Estate of Miller v. Miller

409 So. 2d 715
CourtMississippi Supreme Court
DecidedFebruary 10, 1982
Docket53008
StatusPublished
Cited by17 cases

This text of 409 So. 2d 715 (Estate of Miller v. Miller) is published on Counsel Stack Legal Research, covering Mississippi Supreme Court primary law. Counsel Stack provides free access to over 12 million legal documents including statutes, case law, regulations, and constitutions.

Bluebook
Estate of Miller v. Miller, 409 So. 2d 715 (Mich. 1982).

Opinion

409 So.2d 715 (1982)

In the Matter of the ESTATE OF Mrs. Eunie Elkins MILLER, Deceased, Mrs. Lena Bell Miller Watson, Administratrix
v.
Frank MILLER.

No. 53008.

Supreme Court of Mississippi.

February 10, 1982.

Thomas A. Coleman, Ackerman, for appellant.
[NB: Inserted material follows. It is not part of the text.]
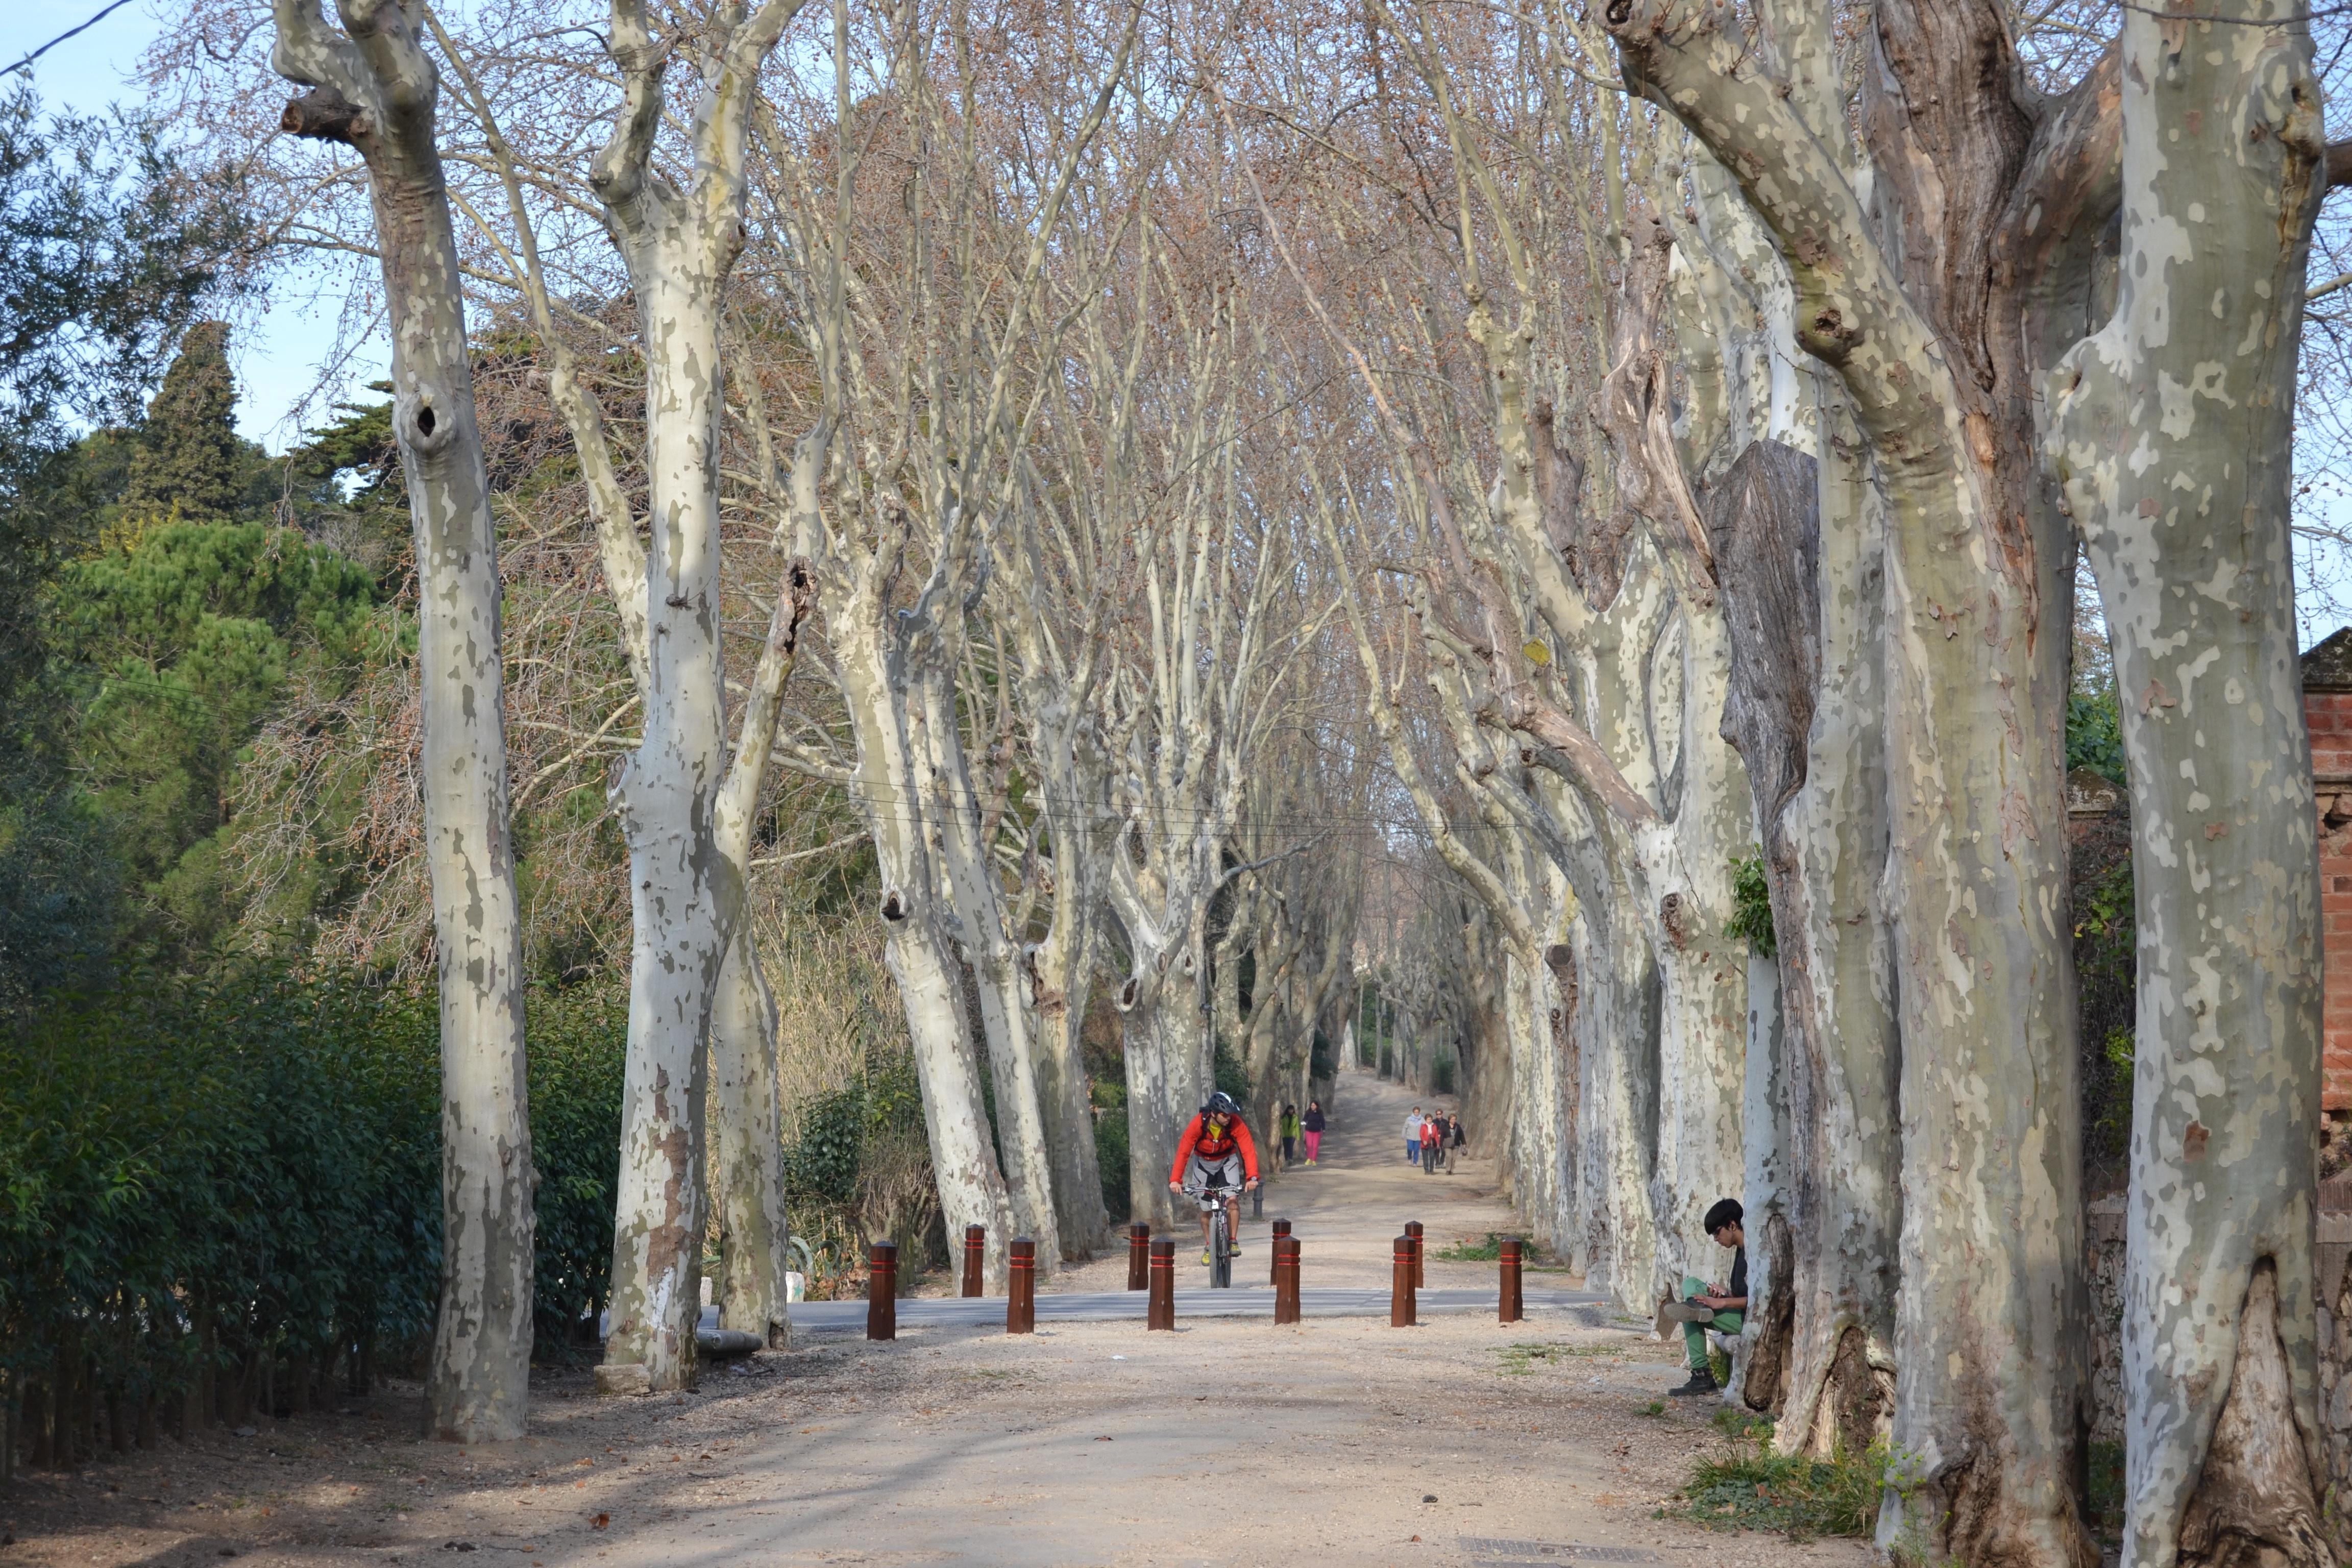 Visita al Passeig Boca de la Mina

Coleman, Coleman & Coleman, Lee S. Coleman, West Point, for appellee.

En Banc.

ROY NOBLE LEE, Justice, for the Court:

Mrs. Lena Bell Miller Watson, administratrix of the estate of Mrs. Eunie Elkins *716 Miller, her deceased mother, and Mrs. Lena Bell Miller Watson, individually, filed suit in the Chancery Court of Choctaw County, Honorable Edward C. Prisock, presiding, to adjudicate herself to be the sole and only heir at law of Mrs. Eunie Elkins Miller and to confirm in herself title to certain lands in which she and her mother had total interest. At trial, the chancellor found that Frank Miller was the sole and only heir at law of J.D. Miller, his deceased father; that Frank Miller inherited an interest in the estate of Mrs. Eunie Elkins Miller, deceased, through J.D. Miller, her deceased son; and that Mrs. Watson and Frank Miller each owned an undivided interest in the subject property.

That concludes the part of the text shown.